Tomasz Tunguz, the venture investor writing on X, picked up a disclosure AI Insiders covered this week, in which OpenAI said its research staff now gets more than three units of machine effort for each unit a person puts in during a normal workday. His post argues that number describes a clock, not a skill: a researcher gets credited with a multiple because software keeps working after the office empties out, not because that researcher thinks any faster.

The distinction matters for how the figure gets used in hiring and budget conversations. A true productivity multiplier should scale with headcount, since a sharper engineer stays sharper no matter how many colleagues join the team. Wall-clock parallelism does not behave that way. Adding a second researcher buys a second set of overnight agent runs and a second matching inference bill, not a second multiple of insight. Judged by that standard, the honest comparison is dollars spent per finished, unattended task rather than a ratio of machine hours to a shift, because the ratio counts a run still being cleaned up the next morning the same as one that shipped.

Tunguz backs the point with spend figures he attributes to OpenAI’s own disclosure. He writes that the typical researcher’s daily inference cost sat near $14 in late March and had passed $600 by the middle of August, a jump he puts at roughly forty times in under half a year. He adds that researchers in the top decile of usage were billing above $7,000 a day, which he annualizes to about $2.5 million per person. Those are Tunguz’s readings of one company’s disclosed medians and a single upper percentile, not independently audited figures, and they describe cost, not output.

His structural argument is that this spending looks nothing like a capital purchase. A factory buys a welding robot once and then has every incentive to keep it running around the clock, because the machine depreciates whether it is idle or busy. A researcher renting inference by the token owns no such asset.

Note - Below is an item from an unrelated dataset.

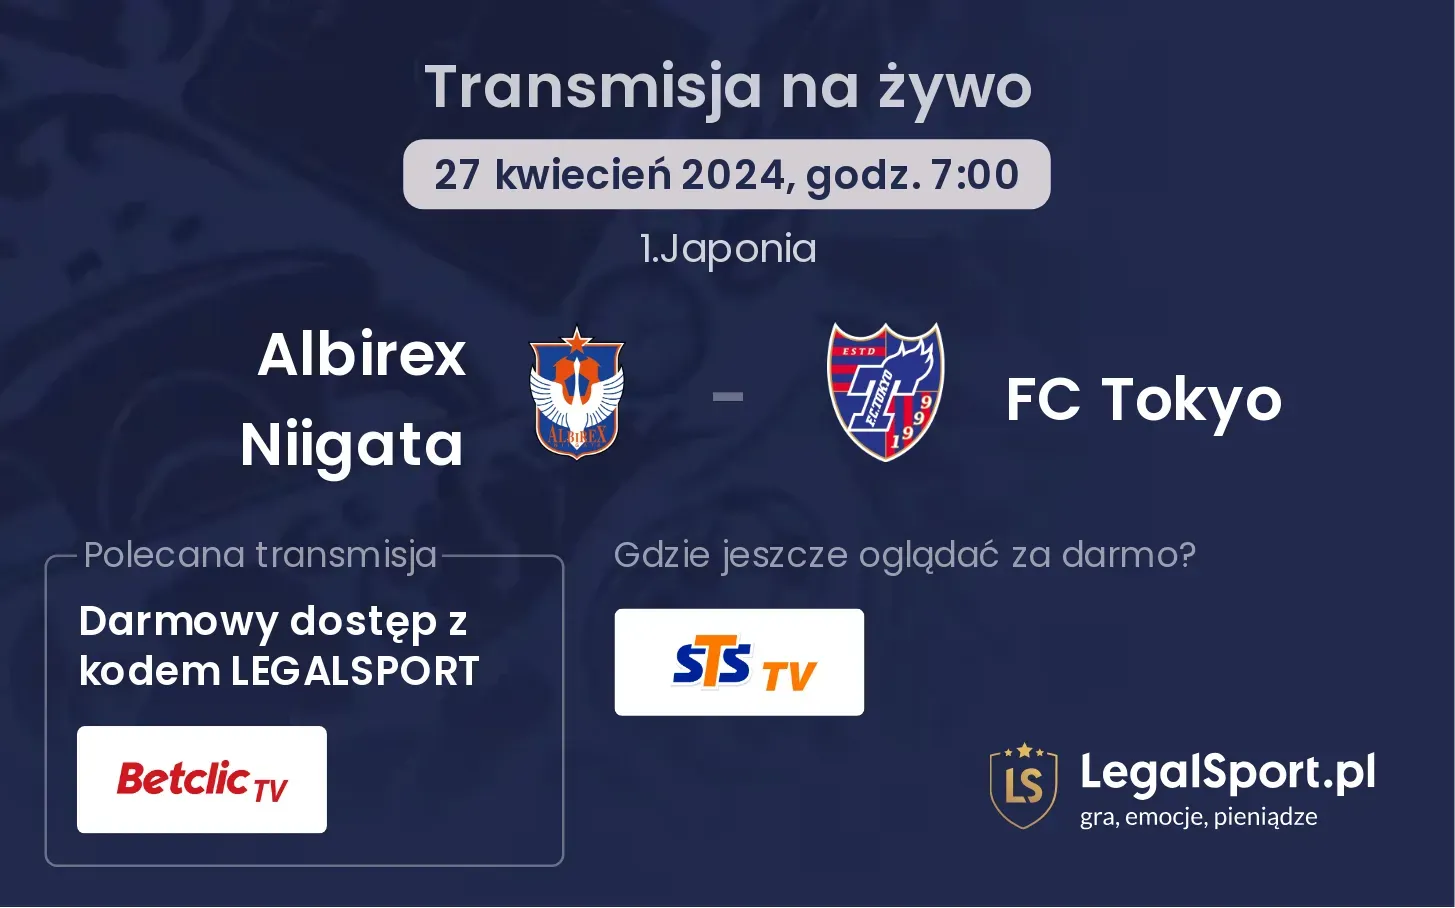 Albirex Niigata - FC Tokyo transmisja na żywo
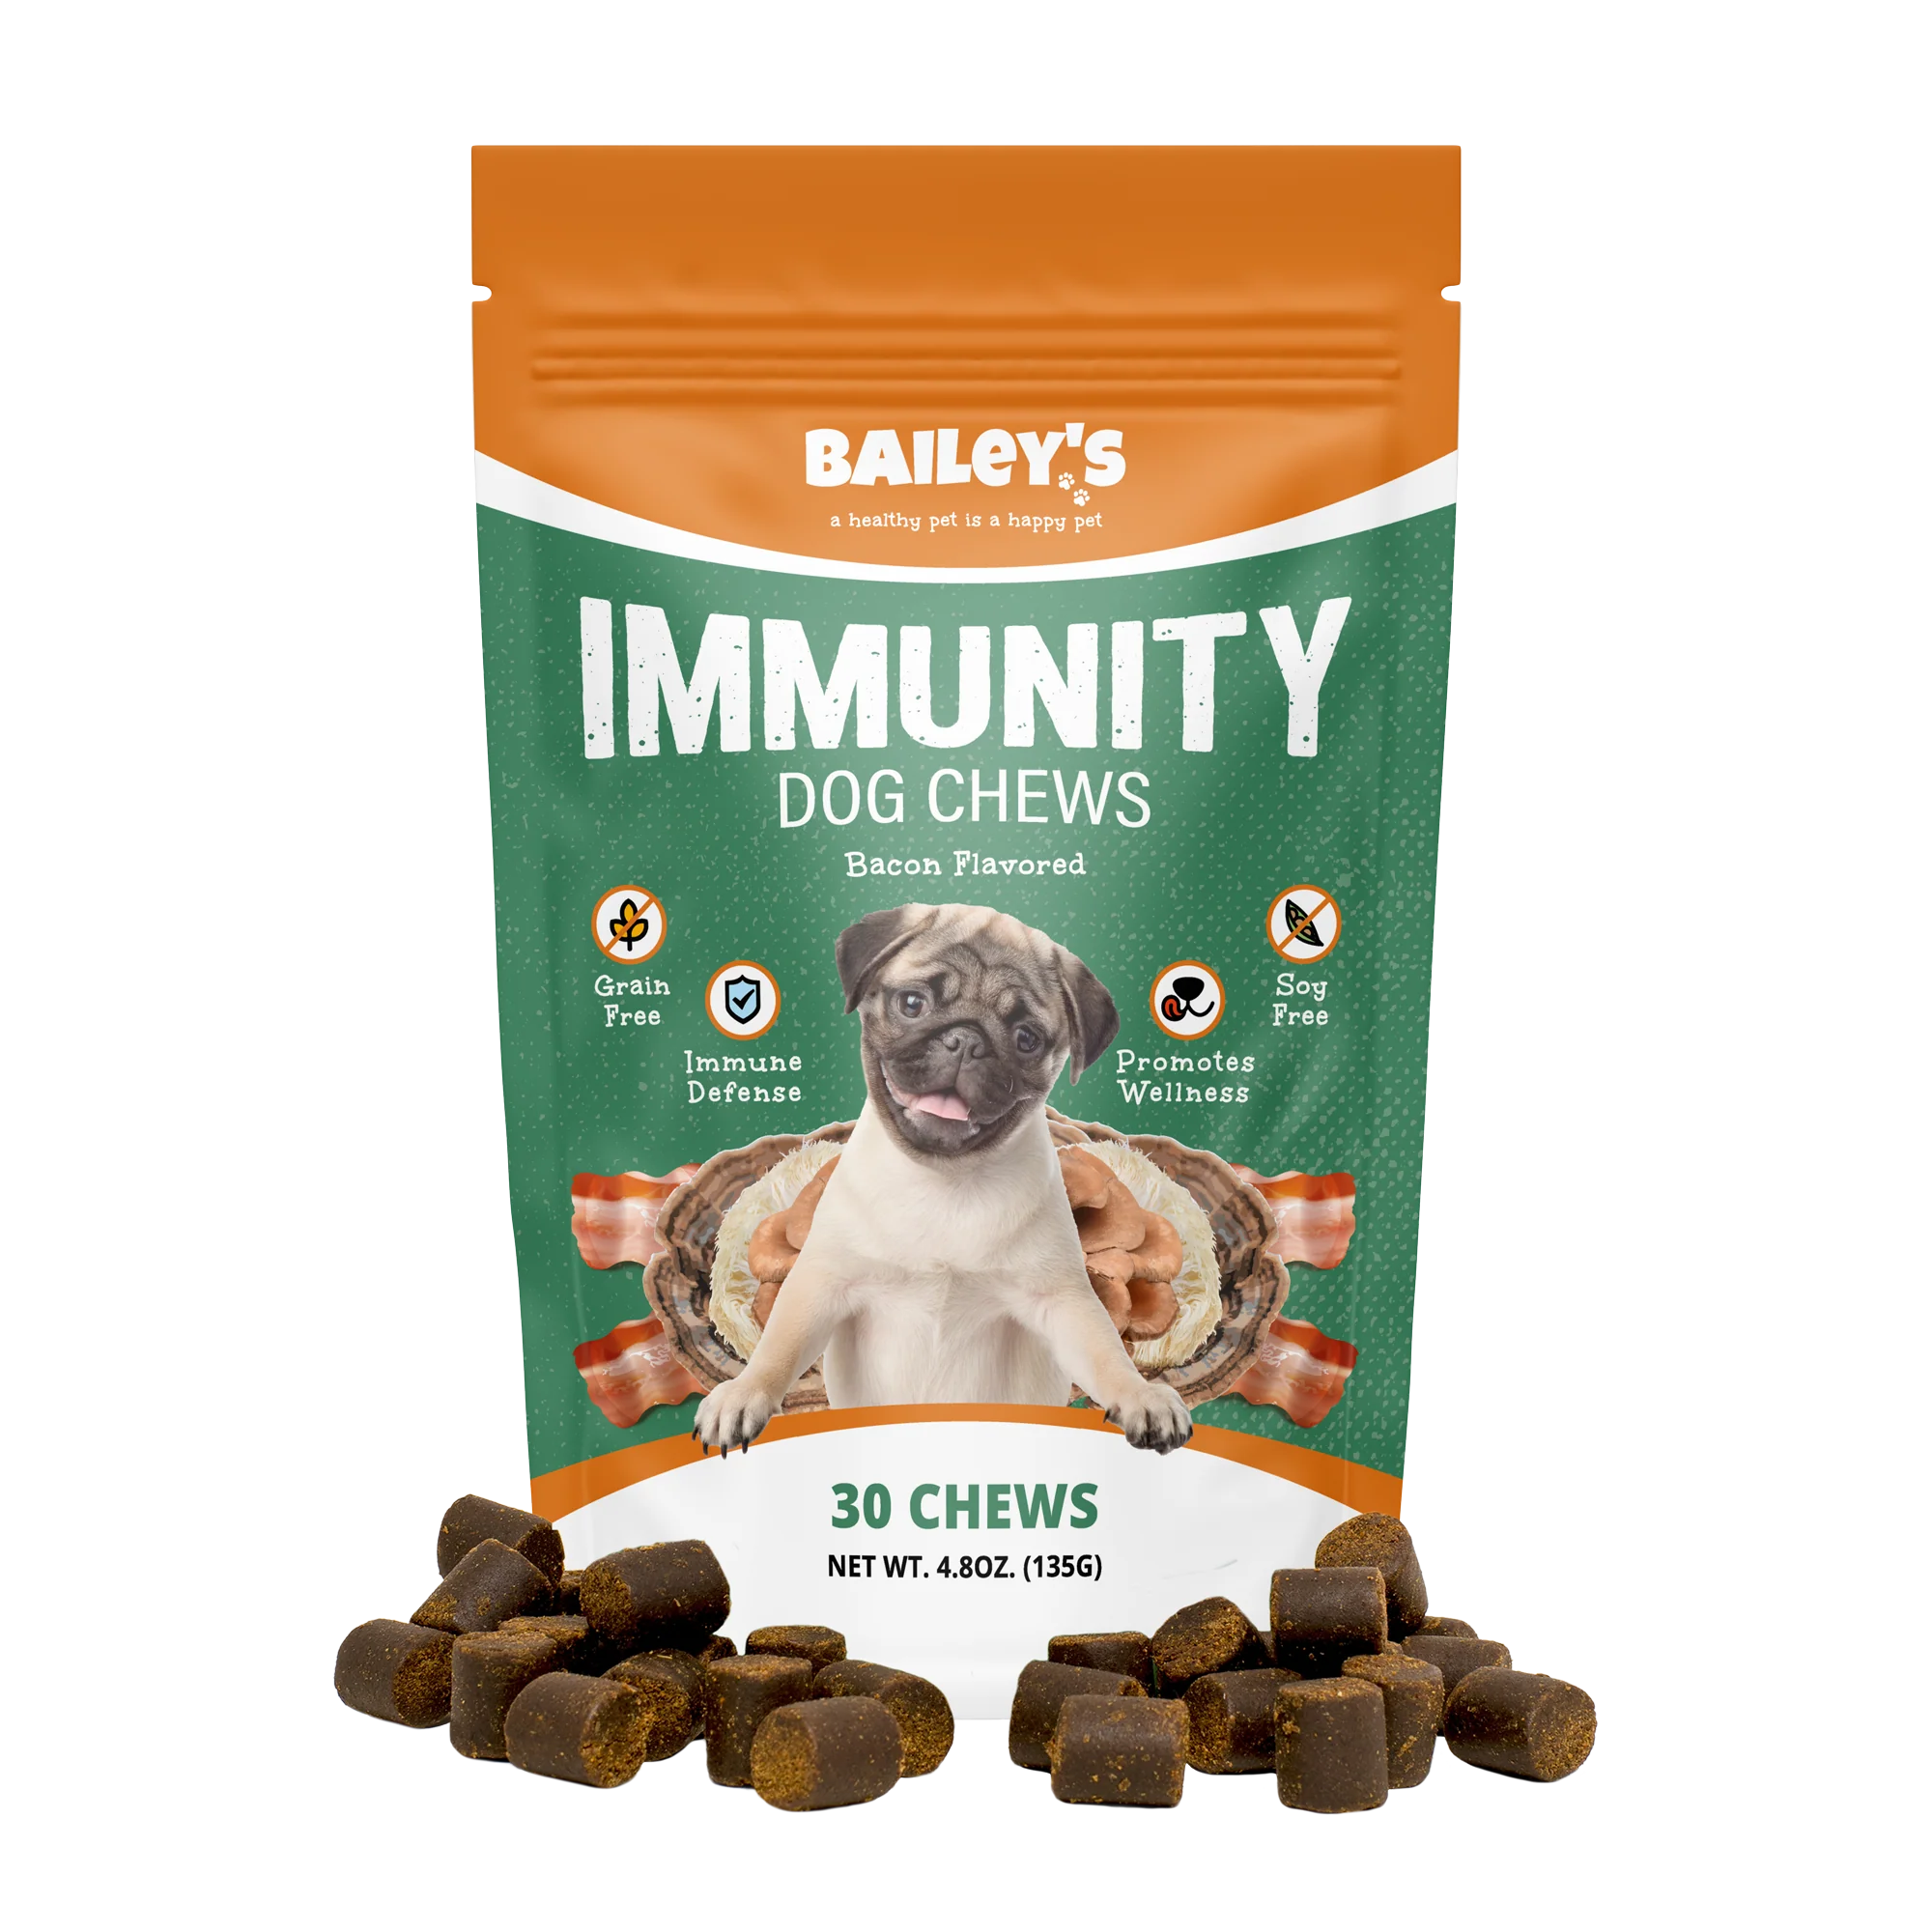 BAILEYS Immunity Dog Chews

Every extra hour of agent runtime is a fresh charge, decided in the moment rather than amortized by a finance team. That, in Tunguz’s account, is what lets an individual choose to keep several agents going overnight: no depreciation schedule forces the decision, only the bill that follows it.

He also notes, again citing OpenAI’s own numbers, that more than half of the multi-hour agent tasks completed in recent months still needed a human to fix them afterward, which is why he expects visible output to lag the raw ratio rather than track it one for one.

For any team pricing an agent rollout against headcount this quarter, the number worth tracking is not agent-hours per employee. It is the dollar cost of a task that ships without a human cleanup pass, benchmarked against what that task costs a person to do directly, since that is the figure that will show up in next year’s budget review.

Tomasz Tunguz laid out this reading in a post on X on September 8, 2026.